Odom A R, Stahlberg A, Wente S R, York J D
Departments of Pharmacology and Cancer Biology and of Biochemistry, Duke University Medical Center, DUMC 3813, Durham, NC 27710, USA.
Science. 2000 Mar 17;287(5460):2026-9. doi: 10.1126/science.287.5460.2026.

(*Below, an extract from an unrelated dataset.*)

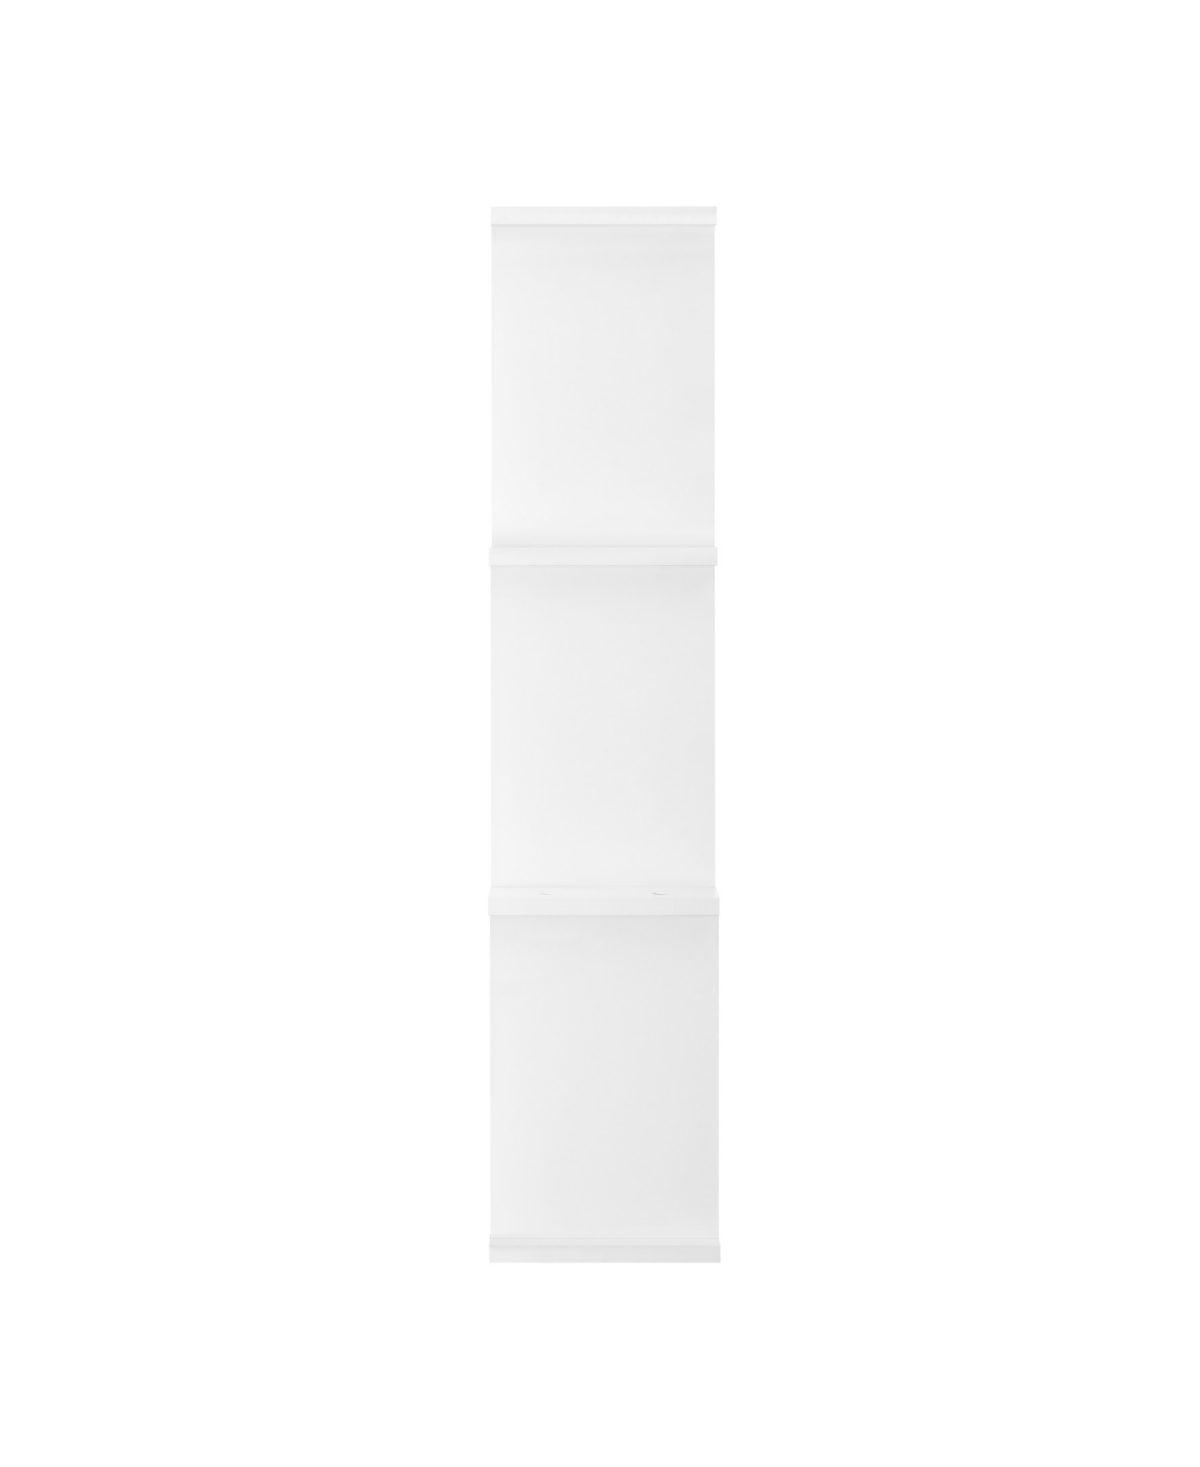 Shop Danya B 3-cube Floating Decorative Organizer Wall Shelf With Ledges, Horizontal Or Vertical Hanging Options In White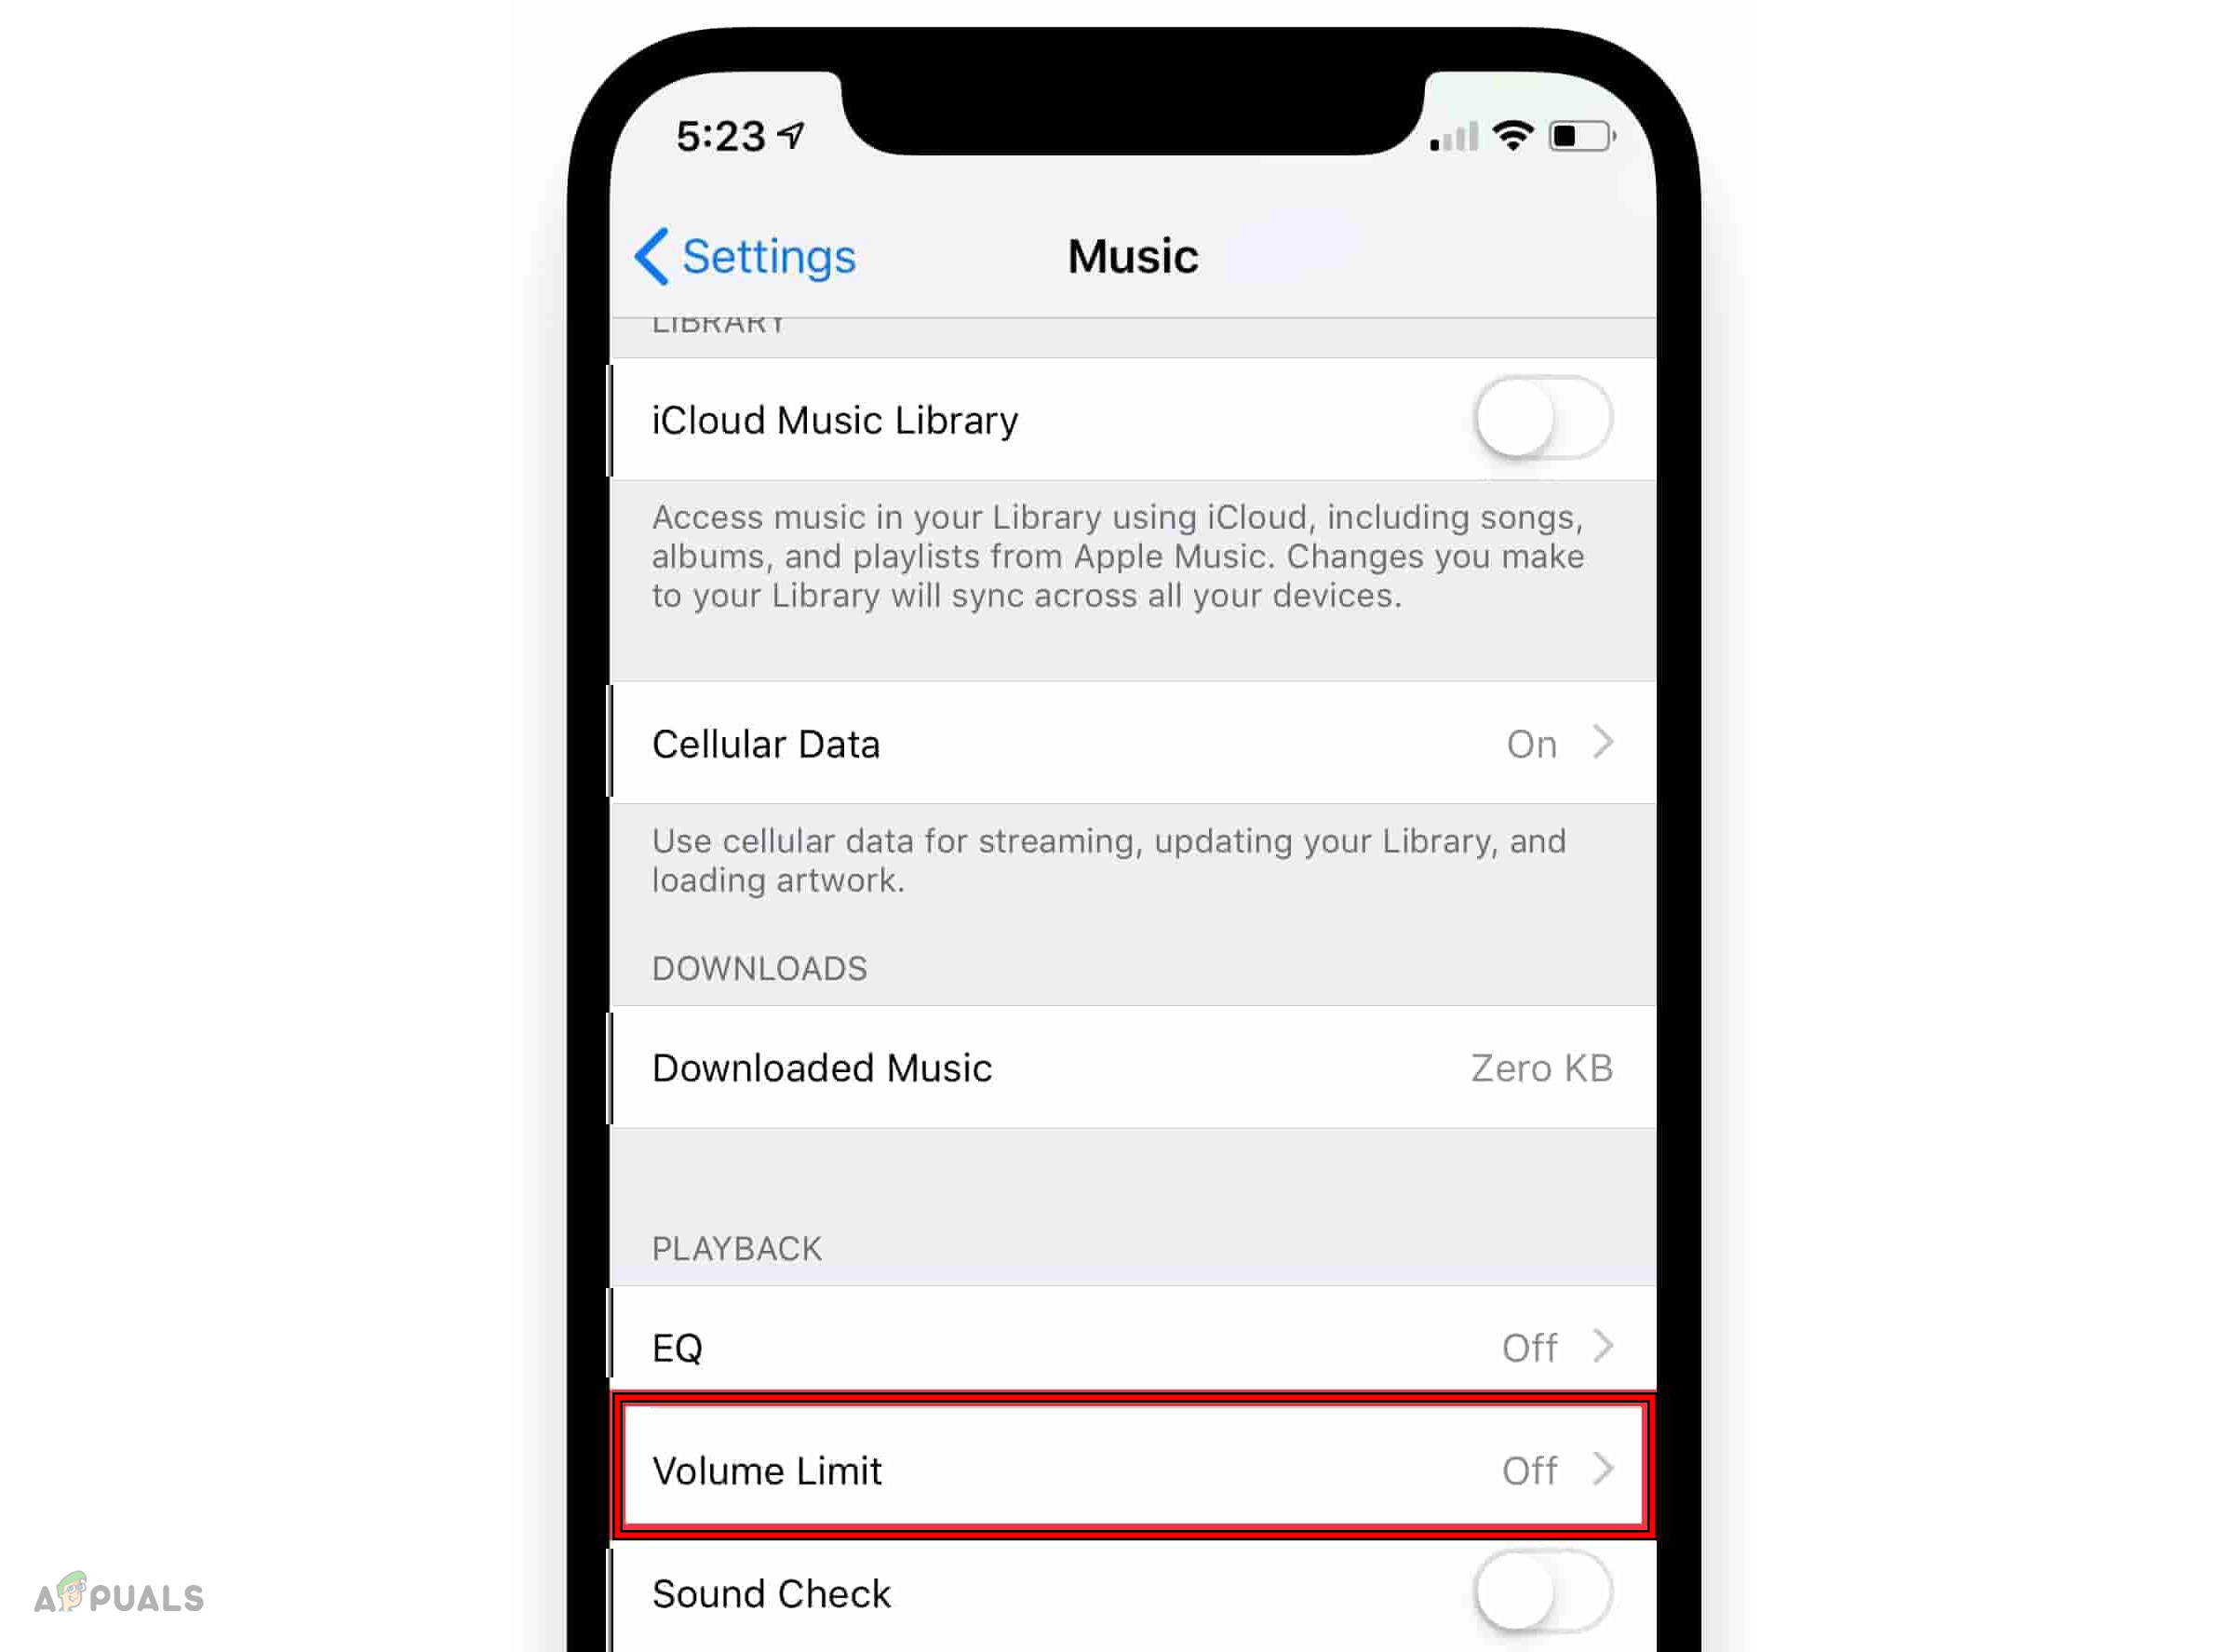 Disable Volume Limit on the AirPods

Phospholipase C and two inositol polyphosphate (IP) kinases constitute a signaling pathway that regulates nuclear messenger RNA export through production of inositol hexakisphosphate (IP6). The inositol 1,4,5-trisphosphate kinase of this pathway in Saccharomyces cerevisiae, designated Ipk2, was found to be identical to Arg82, a regulator of the transcriptional complex ArgR-Mcm1. Synthesis of inositol 1,4,5,6-tetrakisphosphate, but not IP6, was required for gene regulation through ArgR-Mcm1. Thus, the phospholipase C pathway produces multiple IP messengers that modulate distinct nuclear processes. The results reveal a direct mechanism by which activation of IP signaling may control gene expression.
磷脂酶C和两种肌醇多磷酸(IP)激酶构成了一条信号通路,该通路通过生成肌醇六磷酸(IP6)来调节核信使核糖核酸的输出。酿酒酵母中此信号通路的肌醇1,4,5-三磷酸激酶,命名为Ipk2,被发现与转录复合物ArgR-Mcm1的调节因子Arg82相同。通过ArgR-Mcm1进行基因调控需要合成肌醇1,4,5,6-四磷酸,而非IP6。因此,磷脂酶C信号通路产生多种IP信使,可调节不同的核过程。这些结果揭示了IP信号激活可能控制基因表达的直接机制。